Updated: Oct 22, 2019
There are around 4.8 million self employed people in the UK. There is a great array of advice and the misconception that if you have irregular income or don't have three years worth of accounting that you are automatically unable to get a mortgage. There is also the idea that the self employed will be landed with higher interest rates which is simply untrue.
So what do you need to get a mortgage?
Here's our list of what lender will ask from you if you are self employed:
ID – Make sure you have valid photographic ID. If you present your driving licence, make sure it has your current address on it.
Proof of Address – A council tax, utility bill or financial statement will suffice.
Employer – You’ll need to gather three to six months’ payslips and P60s. If you’ve received extra income such as bonuses or commission, some lenders may require two years worth of P60s. Don't forget to also get your P11D.
Limited company accounts – If you’re a limited company director then the last two years’ worth of fully signed accounts (this normally needs to be signed off by a Chartered Accountant) is required in most cases, though some lenders will accept just one year’s accounts.
Personal Tax Returns – Self-employed workers need to request three years SA302s and a tax overview requested from HMRC.
Contractors – You’ll need the last 12 months of contracts, fully signed by all parties. These need to clearly show your day-rate and have been paid in sterling, with an expiry date ideally included on each contract. If you're contract does not have an expiry date a supporting letter from
Bank Statements – Three months’ salary fed bank statements, three months business bank statements and three months bank statements showing rental.
Deposit – You need to provide a statement showing funds held, and a build-up of funds. If a family member intends to support your mortgage with gifting funds, or to transfer money over to you there should be a paper trail to that effect.
Life insurance or other protection – Lenders will usually need to see evidence of any Life insurance you have in place to cover the mortgage - normally this means sending them a copy of the policy.

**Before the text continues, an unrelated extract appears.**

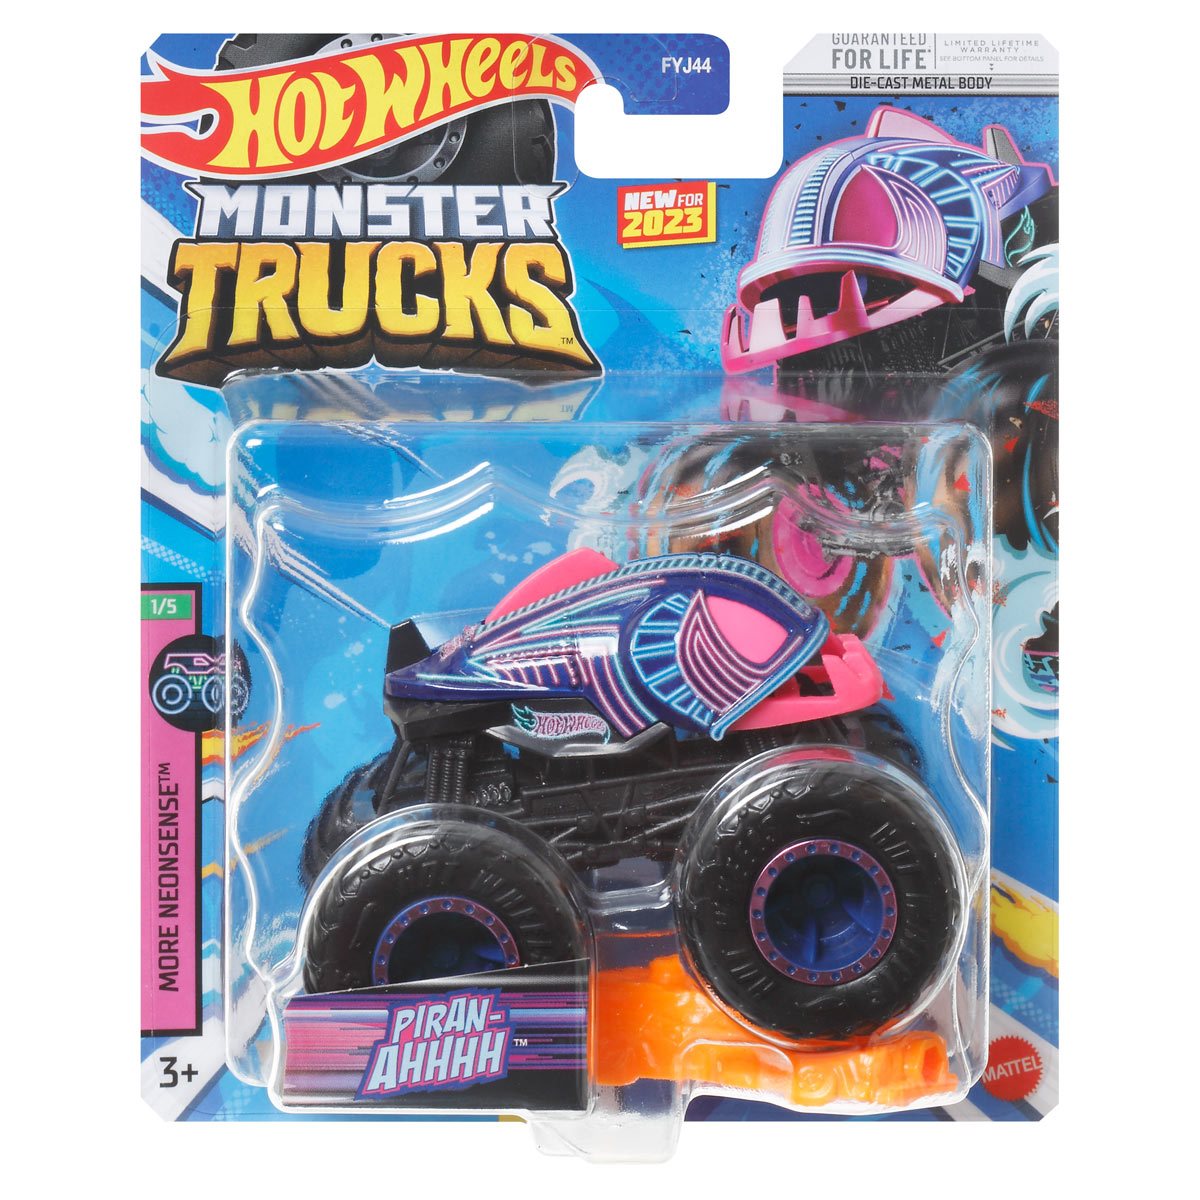 Wheels of monster 2 wheels Monster hot Trucks Mix 1:64 2023 8, Vehicle Hot Case Scale truck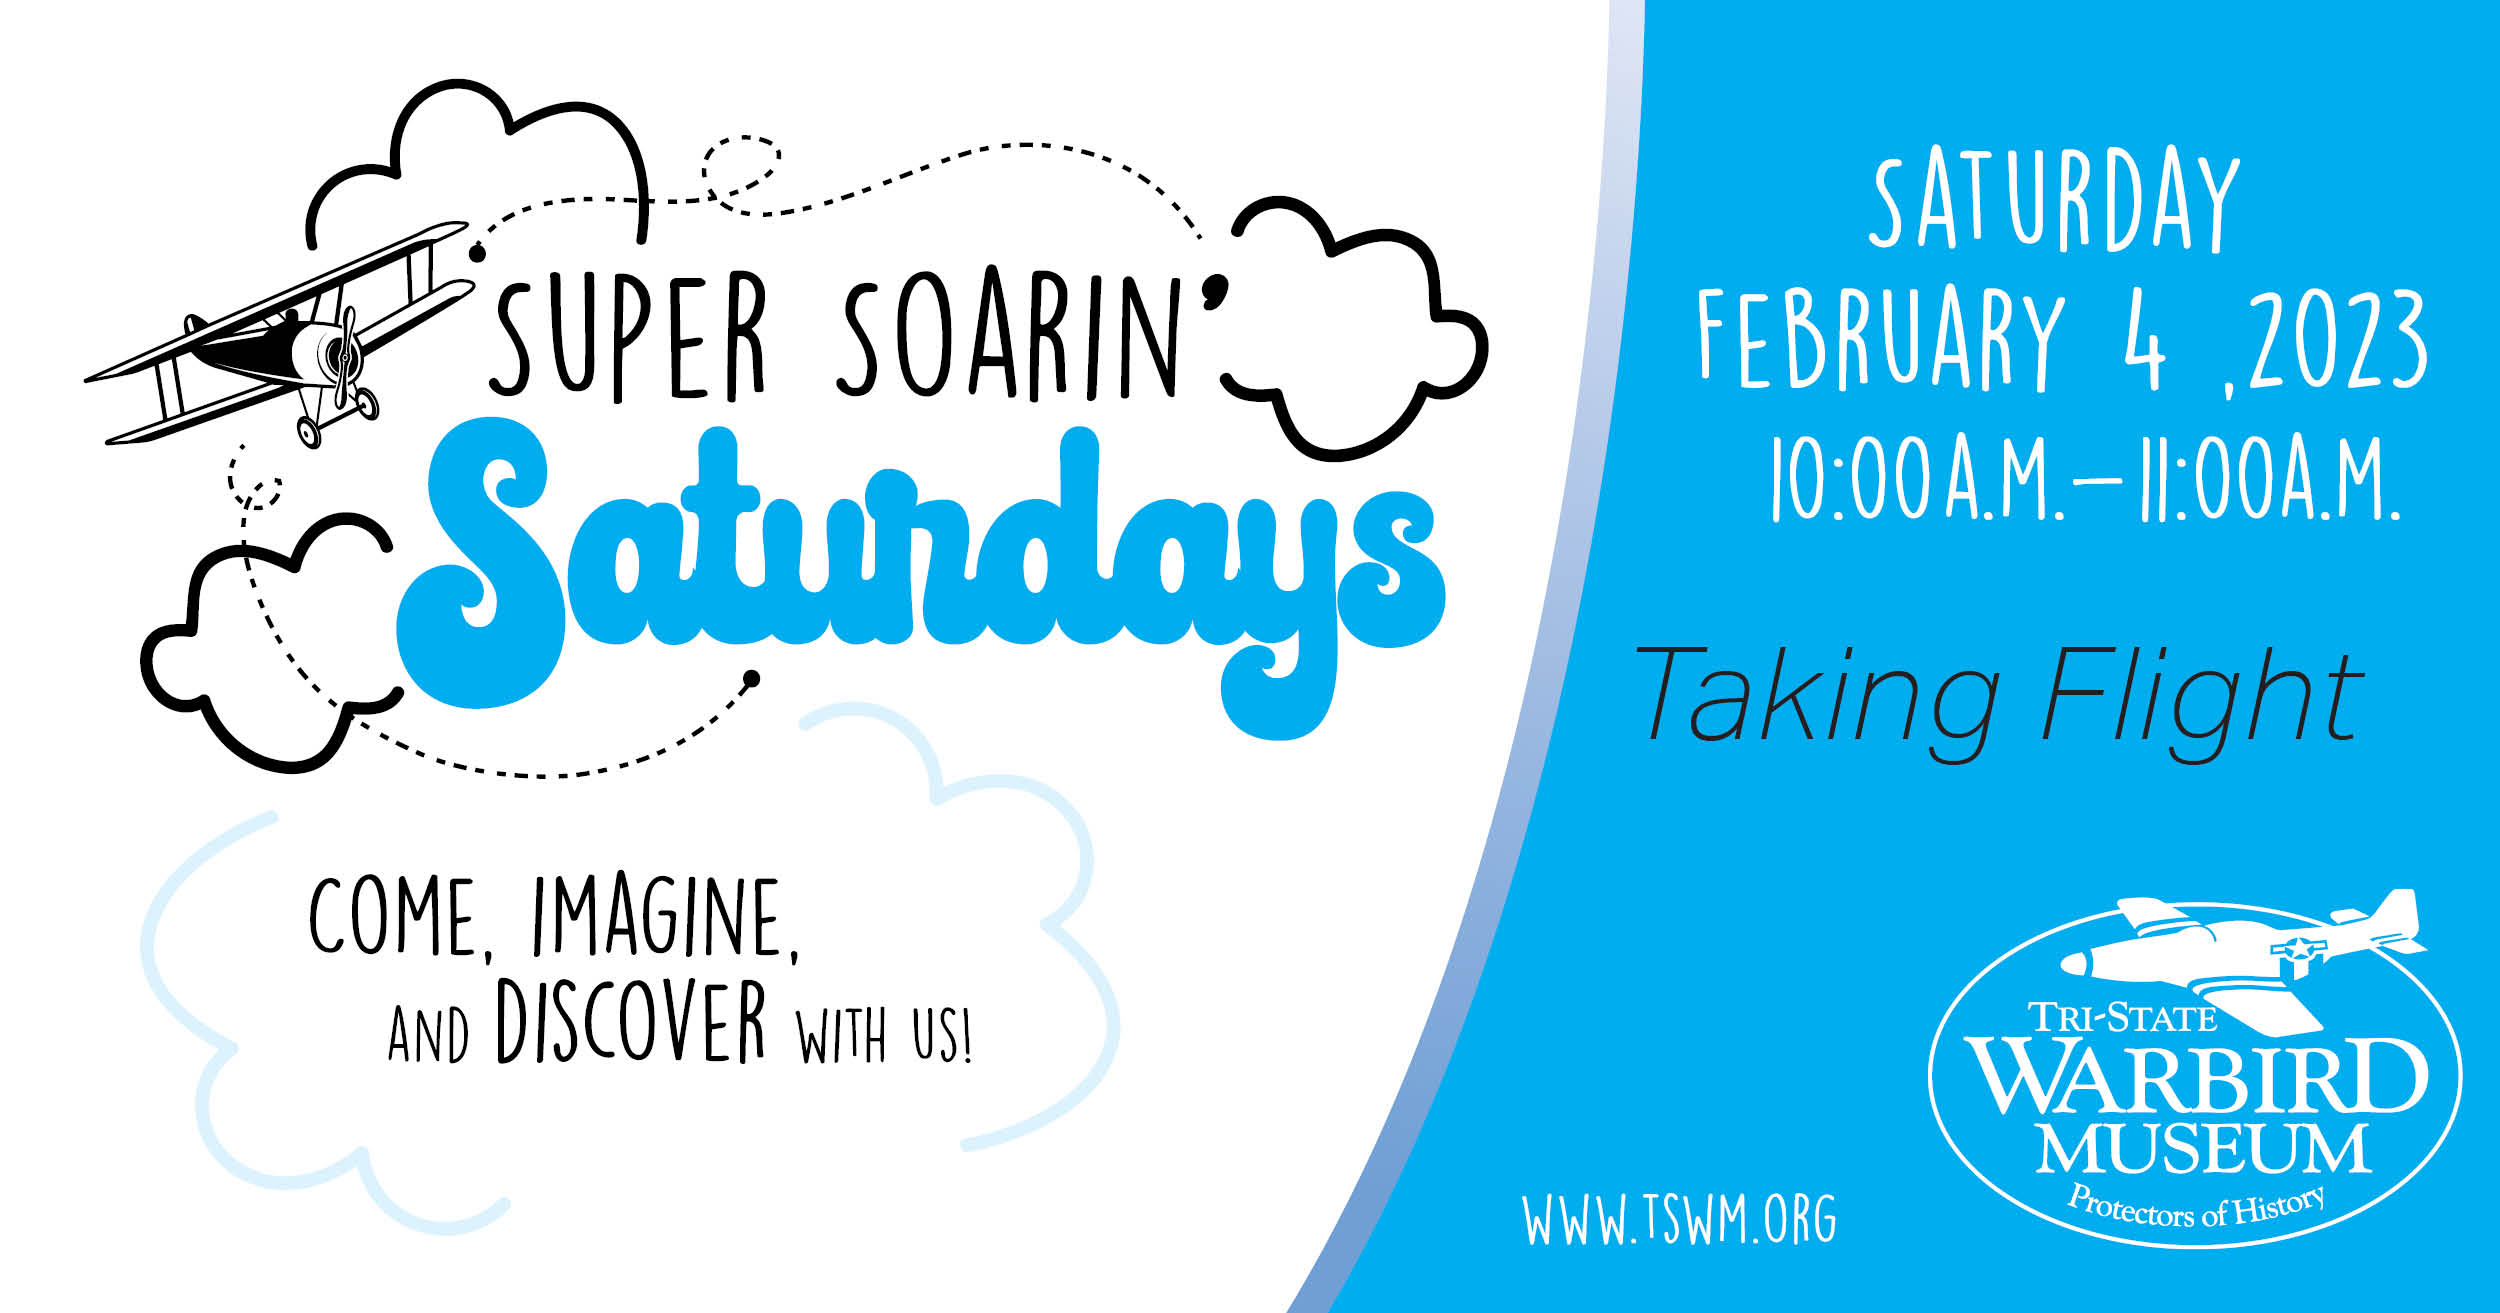 Super Soarin Saturdays February 4 2023 Taking Flight edited 8.31.22

What can self-employed people do to improve their mortgage chances?
There are several other factors that also influence their decision here are a few things to have a look at.
Speak to a broker first – Not all lenders have the same criteria – a broker will ensure you are matched with the most suitable lender
Check your credit file – Ensure there aren’t any adverse entries against you, especially ones you’re not aware of. It is possible to put notes onto your credit file to 'explain' any adverse entries
Ensure you’re on the electoral roll – Check with your local council, this will help with the credit score
Make sure your accounts are all up to date – To achieve the most competitive rates you need to have an impeccable credit record, so make sure everything is paid on time.
Stay away from payday loans – Payday loans do not paint a good picture of your finances, and lenders will often read this as you being in financial difficulty. Many lenders will simply decline to lend if there is a recent record of payday loans. As a bare minimum keep the last year before you apply for a mortgage free of pay day loans.
Minimise credit checks for other insurance or credit applications – Multiples credit checks in a short space of time can reduce your overall credit score. This can give the impression that you are applying for lots of credit; being declined by other institutions.
Don’t allow your credit card to reach its limit – The higher the % usage of your credit card will result in a lower credit score. We’d suggest spreading outstanding balances across two cards, rather than having one on the limit. It can be common place for people paying off debt to reduce their credit limits as they pay off their outstanding credit card debt but this can actually harm you.
Sort your deposit early – If using business funds, speak to your accountant – Taking regular withdrawals can lead to a smoother underwriting rather than taking a large lump sum in one go. When taking a large lump sum the lender may ask the accountant to confirm this will not be detrimental to the business, causing an extra delay in the process
Get yourself an agreement in principle – Most estate agents won’t let you view the property, let alone make an offer without an agreement in principle. This will confirm the maximum loan to give you peace of mind that you are looking at properties within your budget. It’s also a good indication that your credit is in order.
So what can I afford?
Lenders will analyse earnings is by looking at the net profit of your business – whether you’re a sole trader or freelancer. If you’re set up as a limited company, a lender will look at your salary and dividends , or share of net profit. For contractors, your annualised day rate will be taken into consideration. It is important to consider that if you are contracting for clients outwit the UK that you make sure that payments are made to you in Sterling including non Sterling payments will cause complications and might mean you refused.
The amount you can borrow is often determined by an ‘affordability calculator’. Lenders will look at all sorts when deciding whether or not to give you a loan, including lifestyle spending, commitments, and dependants.
One problem newer business owners find is that lenders often average out your earnings between a two or three year period. For startups where you only took a 'proper' salary in your last year it might be worth focusing on lenders that require one years accounts.